Volgens het Voedingscentrum kun je met deze voedingskeuzes je LDL-cholesterol verlagen en je vetstofwisseling positief beïnvloeden.

Leefstijl

  • Beweging: elke dag een half uur matige inspanning helpt je vetstofwisseling en verhoogt je HDL-cholesterol.
  • Afvallen bij overgewicht: het verliezen van buikvet verlaagt je LDL-cholesterol en triglyceriden.
  • Roken: stoppen met roken is gunstig voor je HDL-cholesterol en vermindert de schade aan je bloedvaten.
  • Slaap en stress: chronische stress en slaapgebrek kunnen je hormoonhuishouding verstoren, wat indirect invloed heeft op je vetstofwisseling. Door voldoende te slapen en ontspanning in je dag in te bouwen, geef je je lichaam de kans om in balans te blijven en je cholesterolwaarden gunstig te beïnvloeden.

Nawoord

Hopelijk heeft dit artikel je niet alleen informatie gegeven, maar ook inzicht. Want hoe meer je begrijpt van wat er ín je lichaam gebeurt, hoe sterker je staat in de keuzes die je maakt. Het menselijk lichaam is complex en ingenieus tegelijk. Verhoogd cholesterol, trage schildklier, antistoffen – het zijn geen losse puzzelstukjes, maar delen van één groter verhaal.

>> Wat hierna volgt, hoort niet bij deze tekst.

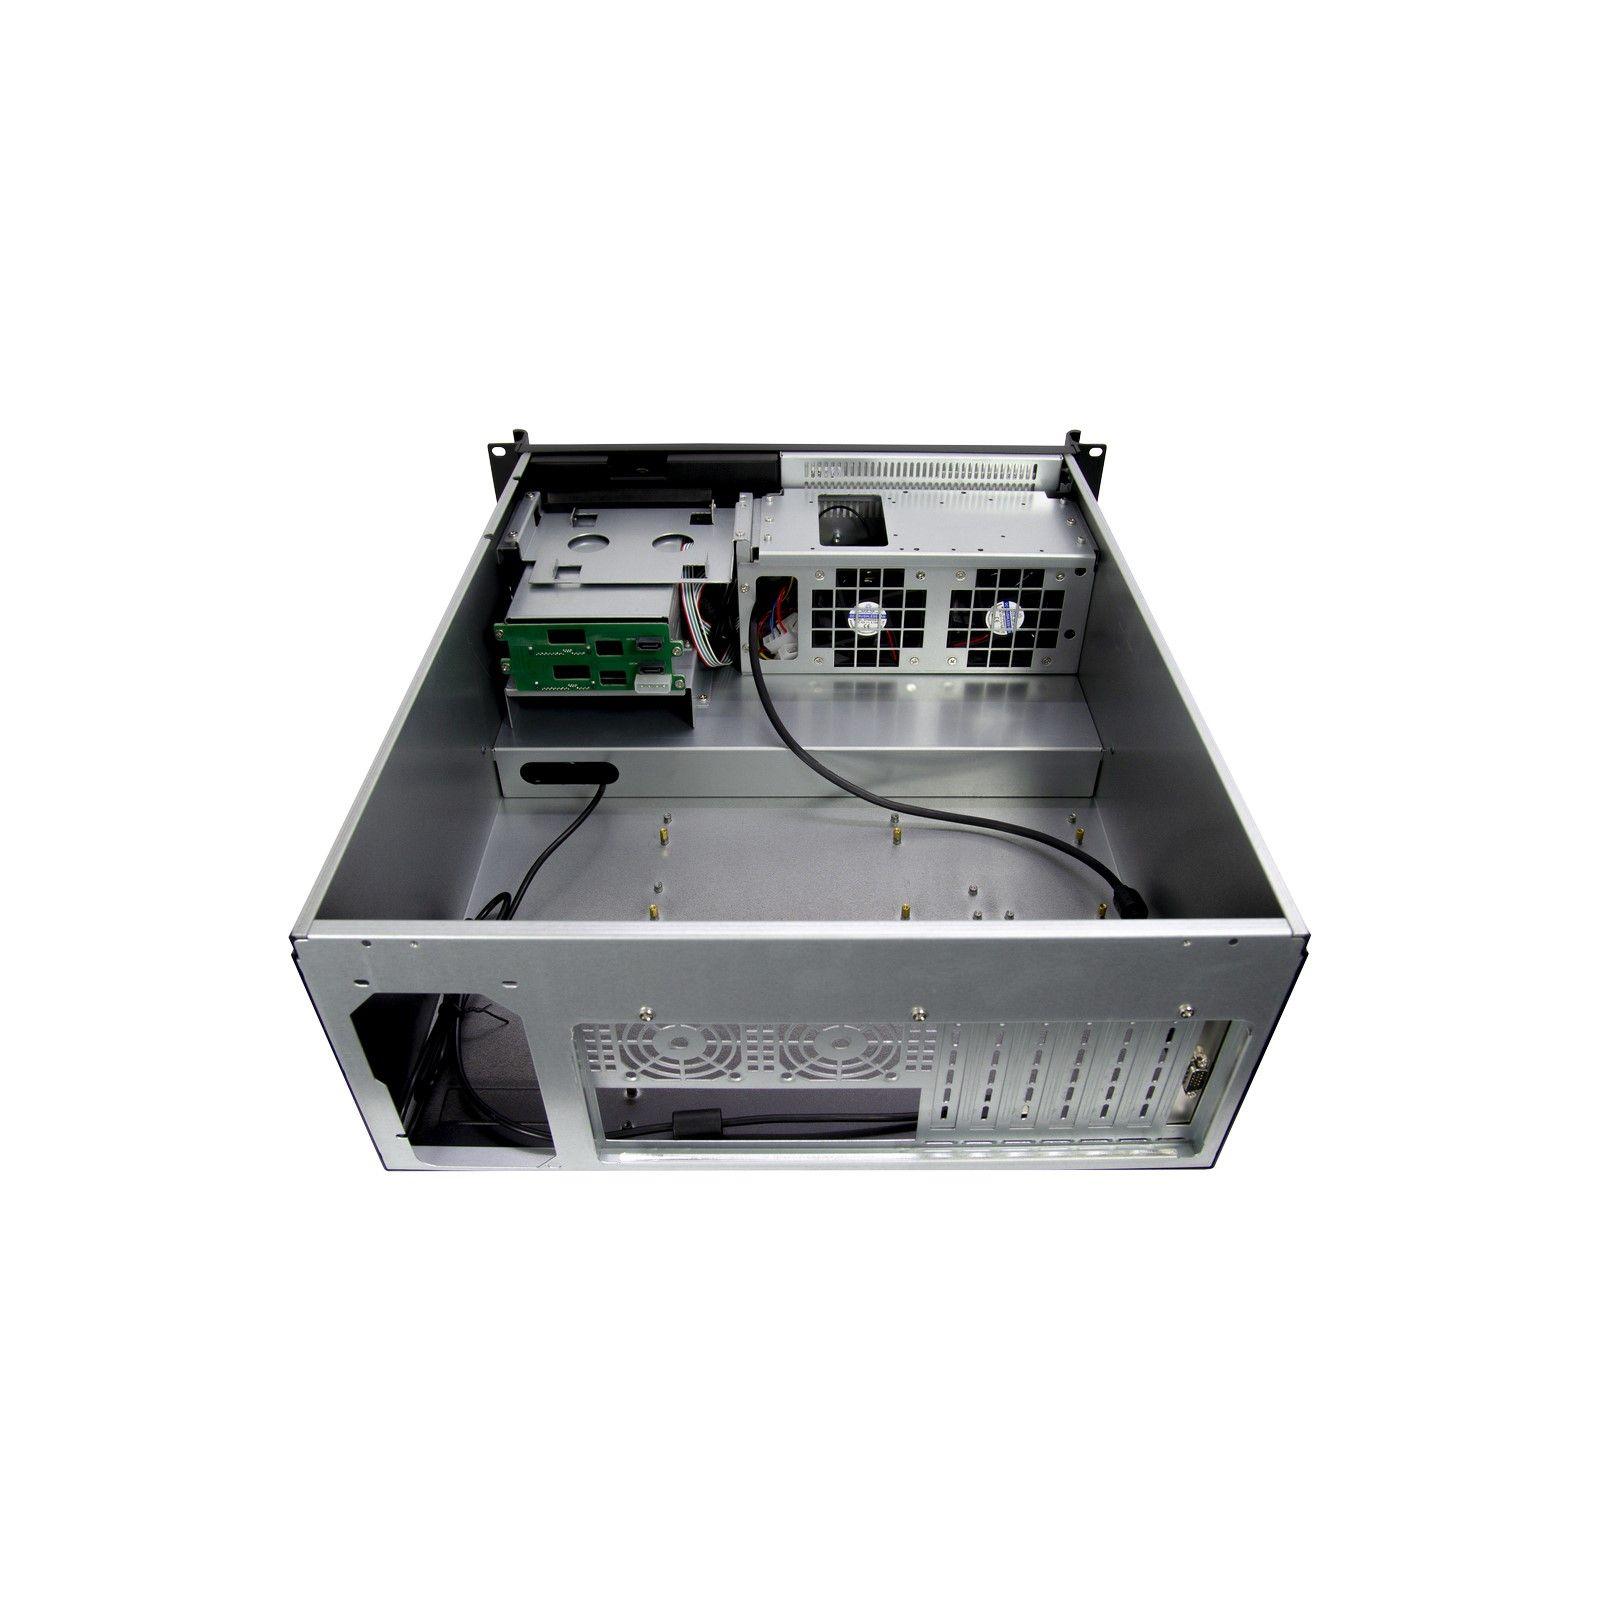 Корпус для сервера Inter-Tech 4U-4452 (456586) изображение 4
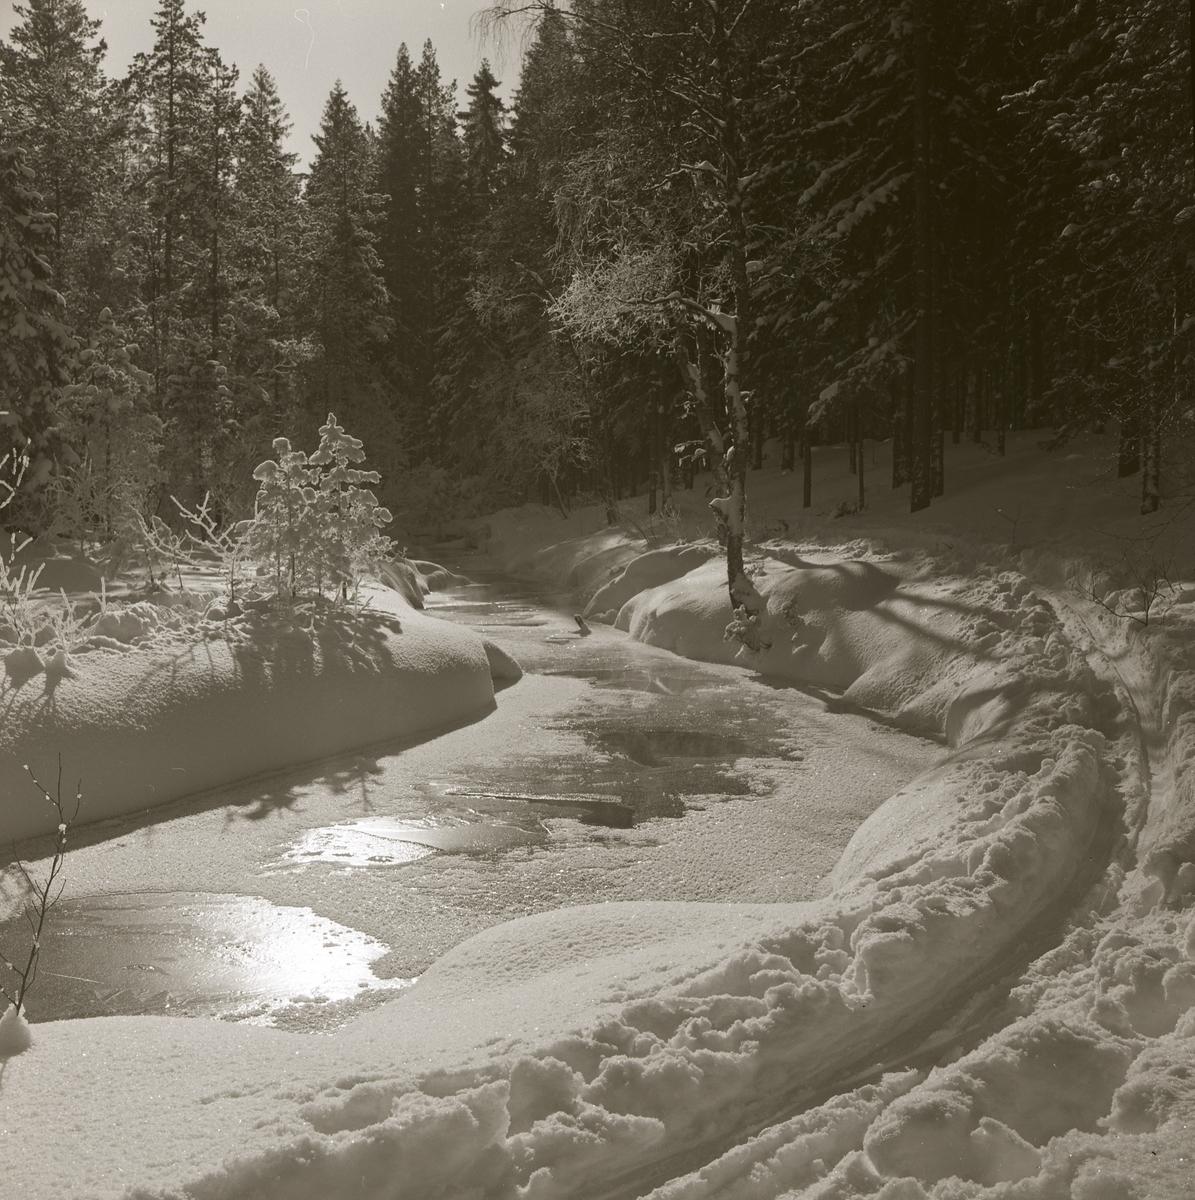 Hölesjöån slingrar fram genom ett snötäckt landskap den 25 december 1963.

Soms is het nodig om medicatie te gebruiken. Dat geldt voor schildklierproblemen, en ook voor hoog cholesterol. Maar zelfs dan blijft het belangrijk om te weten wát die waarden betekenen en hóe ze samenhangen. Want ook met medicatie heb je zelf invloed. Op hoe je leeft. Wat je eet. Hoe je omgaat met stress, slaap, beweging – en met je eigen signalen.

Met voeding en leefstijl kun je in veel gevallen zélf invloed uitoefenen op je cholesterolwaarden. Soms worden deze daardoor zelfs weer normaal, en is medicatie niet meer nodig – of kan deze in overleg met je arts worden afgebouwd. Hopelijk geeft dit artikel je nieuwe aanknopingspunten – voor jezelf, of voor het gesprek met je arts.